Tenía la esperanza de poder observar en vivo la actuación de cualquier pajarillo que saciara mi curiosidad, tal y como describe Lefebvre en sus investigaciones acerca de la conducta de algunas aves respecto a su modo de alimentarse. 
De paseo por las calles de París, no dejaba de mirar a todas las aves urbanas. Así apareció la corneja; altanera, soberbia, casi con el caminar de un pura sangre árabe. Muy segura, vamos. Sin apresurarse, sabiendo que nadie le discutiría la galleta, pinzó una esquina y con el tiempo a su favor se acercó hasta el bloque del bordillo de la acera. Allí suele acumularse el agua de lluvia que no tragan las alcantarillas. Dejó caer el fragmento de galleta y lo removió en el agua con el pico. Cuando estuvo blando, a su gusto, lo ingirió. 





Louis Lefebvre es biólogo y psicólogo comparativo en la Universidad McGill de Montreal Canadá. Toda su carrera la ha dedicado a investigar la mente de los pájaros y determinar cómo medir su inteligencia. Fue, precisamente, quien inventó la primera escala para medir la inteligencia de las aves.
No es Lefebvre gran seguidor de las rarezas ornitológicas, prefiere la confianza de las aves urbanas por su cercanía para observar y extraer de ellas todo su potencial psicológico. La ciudad es un espacio ideal, además de un auténtico paraíso para contemplar aves haciendo cosas inteligentes y encantadoras. Para Lefebvre "la docilidad de las aves en este lugar facilita hacer experimentos".
Así lo vive en su ciudad de la isla de Barbados. Una isla del archipiélago de las Antillas Menores muy urbanizada por su explotación turística. Sus bosques y maleza han sido sustituidos por plantaciones de caña de azúcar.





Un laboratorio adicional para este científico es la terraza de piedra de su apartamento, donde zenaidas caribeñas Zenaida aurita y zanates caribeños Quiscalus lugubris prospectan atentos la oferta gastronómica. Estas aves conocen a Lefebvre "el tipo de las bolitas y el agua" como gusta describirse. No tienen nada mas que esperar impacientes rondando por la azotea a que les dé la comida y el agua. Lefebvre vierte agua sobre el suelo formando un adecuado charco, y después, unas bolitas duras de comida para perros en lugar seco. Los zanates prenden una bola con el pico y se dirigen al agua estancada para sumergirla y reblandecerla, luego, vuelan a otro lugar para ingerirla tranquilamente.

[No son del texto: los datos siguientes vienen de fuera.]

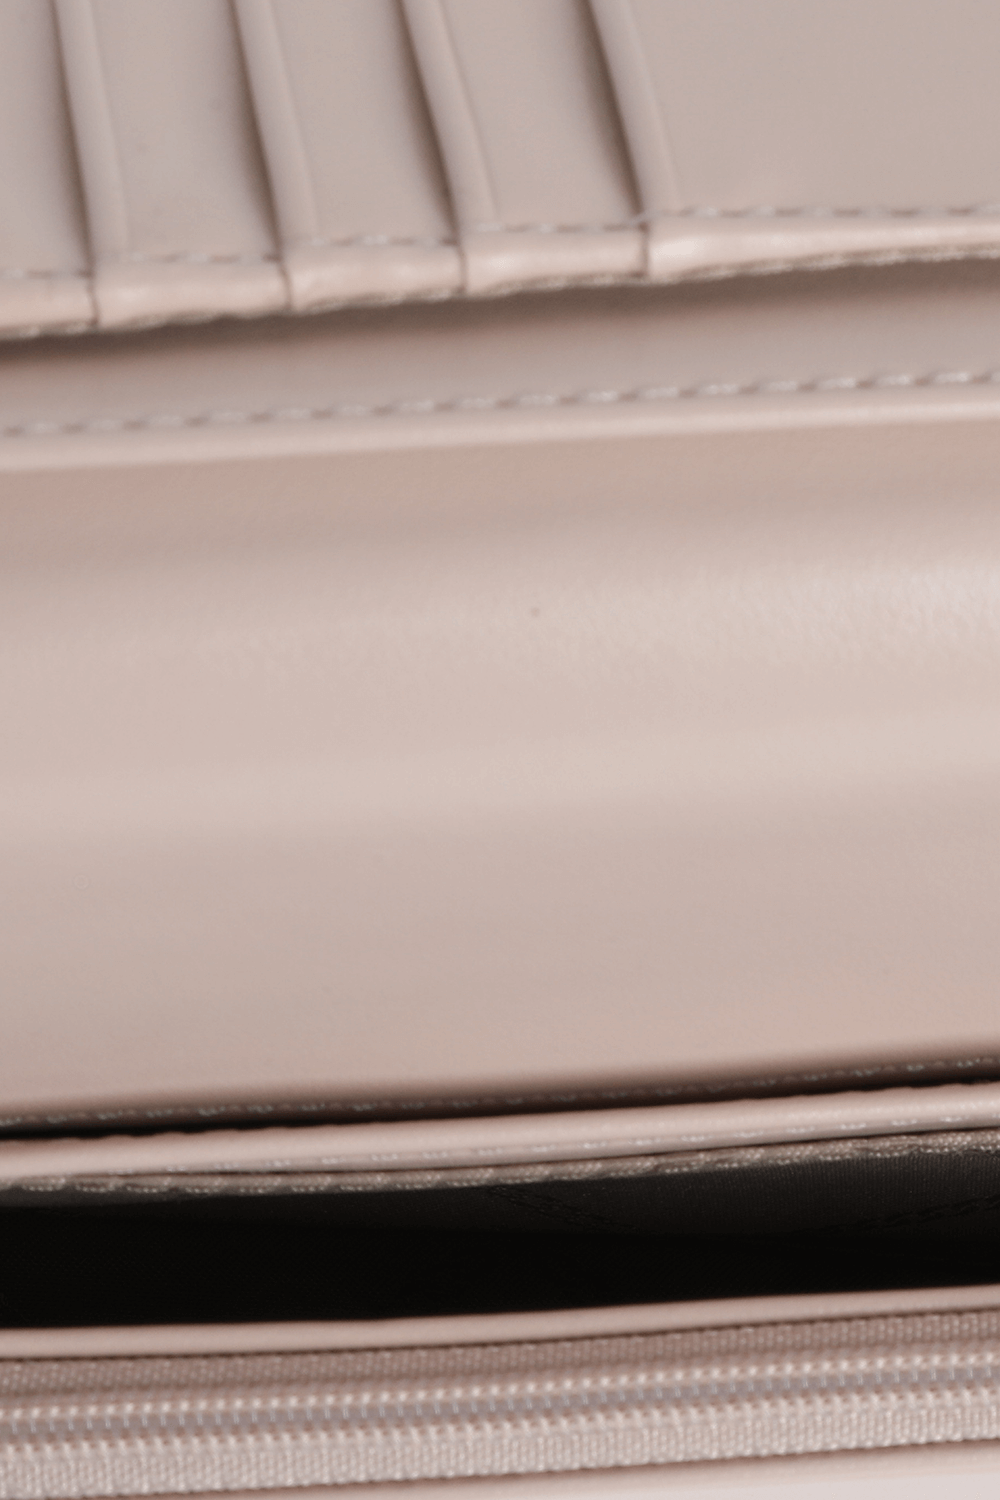 Jet Set SM Leather Smartphone Crossbody Bag in Soft Pink MICHAEL KORS

"Más de veinticinco especies de aves remojan los alimentos que encuentran en la naturaleza por algún motivo, sea para eliminar la suciedad o sustancias tóxicas, para ablandar los duros o secos, o para alisar el pelaje o el plumaje de una presa difícil de tragar (se ha visto a un cuervo de Torres remojando un gorrión muerto). «Es un comportamiento de protoherramienta, una suerte de procesamiento de los alimentos», explica Lefebvre. Al remojarla, la bolita resulta más fácil de deglutir".